I created an actor critic model to test some OpenAI gym environments. However, I'm having problems in some environments.

CartPole: The model eventually converges and attains the maximum reward. However, for some reason it converges faster if I only use a policy gradient method and not the value function/ advantage.

MountainCar, Acrobot: These two models have negative rewards. If it takes your agent 10 sec to solve the task, your reward will be -10. For some reason, when I try to solve an environment with negative rewards, my policy starts with negative values and slowly converges to 0. The value loss starts absurdly high and starts decrease, although it plateaus at some point (when the policy collapses). Can anyone help me to diagnose the problem? I added a few logging statements with the relevant episodic values.

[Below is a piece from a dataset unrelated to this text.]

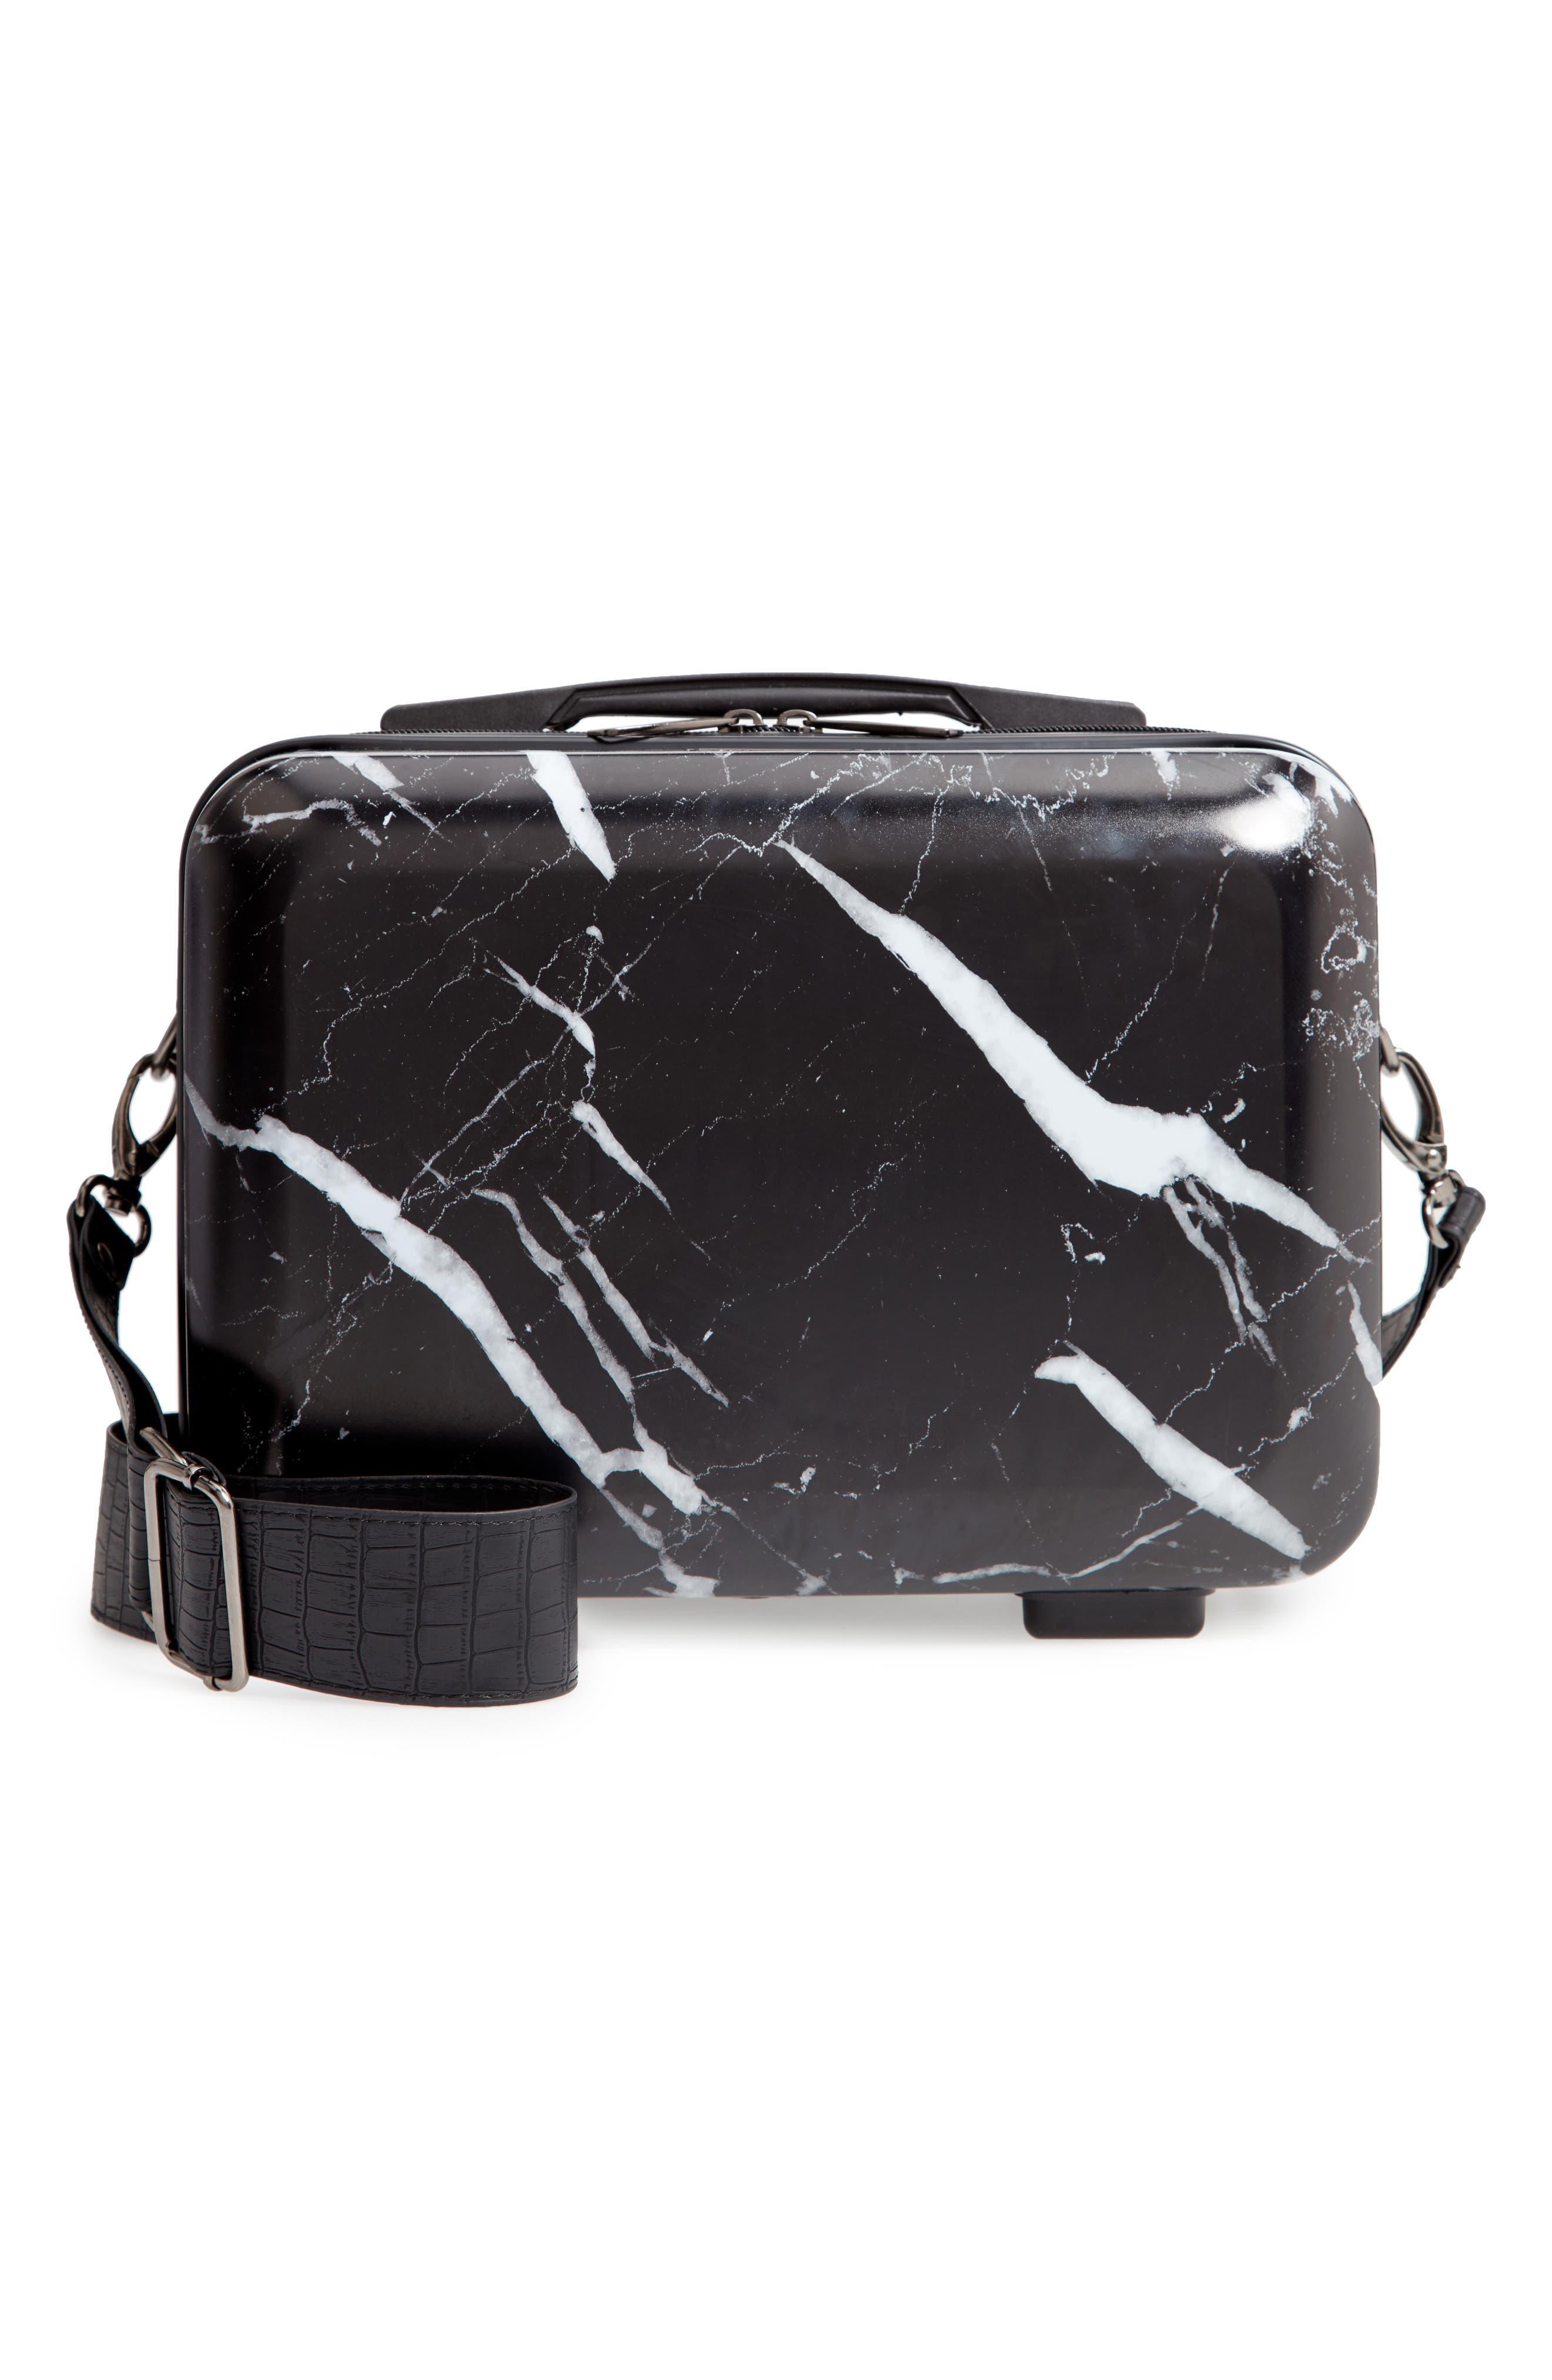 Hardshell Cosmetics Case,                         Main,                         color, MIDNIGHT MARBLE

from scipy.signal import lfilter
import numpy as np
import gym
import tensorflow as tf

layers = tf.keras.layers

tf.enable_eager_execution()


def discount(x, gamma):
    return lfilter([1], [1, -gamma], x[::-1], axis=0)[::-1]


def boltzmann(probs):
    return tf.multinomial(tf.log(probs), 1)


def greedy(probs):
    return tf.argmax(probs)


def gae(bval, vals, rews):
    vboot = np.hstack((vals, bval))
    return rews * vboot[1:] - vals


class PG(tf.keras.Model):

    def __init__(self, n_actions, selection_strategy=boltzmann, lr=0.001):
        super(PG, self).__init__()
        self.fc1 = layers.Dense(64, activation='relu', kernel_initializer=tf.initializers.orthogonal(1))
        self.fc2 = layers.Dense(64, activation='relu', kernel_initializer=tf.initializers.orthogonal(1))
        self.pol = layers.Dense(n_actions, kernel_initializer=tf.initializers.orthogonal(0.01))
        self.val = layers.Dense(1, kernel_initializer=tf.initializers.orthogonal(1))
        self.optimizer = tf.train.AdamOptimizer(learning_rate=lr)
        self.selection_strategy = selection_strategy


    def call(self, input):
        x = tf.constant(input, dtype=tf.float32)
        x = self.fc1(x)
        x = self.fc2(x)
        return self.pol(x), self.val(x)


    def select_action(self, logits):
        probs = tf.nn.softmax(logits)
        a = self.selection_strategy(probs)
        return tf.squeeze(a, axis=[0, 1]).numpy()


def sample(env, model):
    obs, act, rews, vals = [], [], [], []
    ob = env.reset()
    done = False

    while not done:
        # env.render()
        logits, value = model([ob])
        a = model.select_action(logits)
        value = tf.squeeze(value, axis=[0, 1])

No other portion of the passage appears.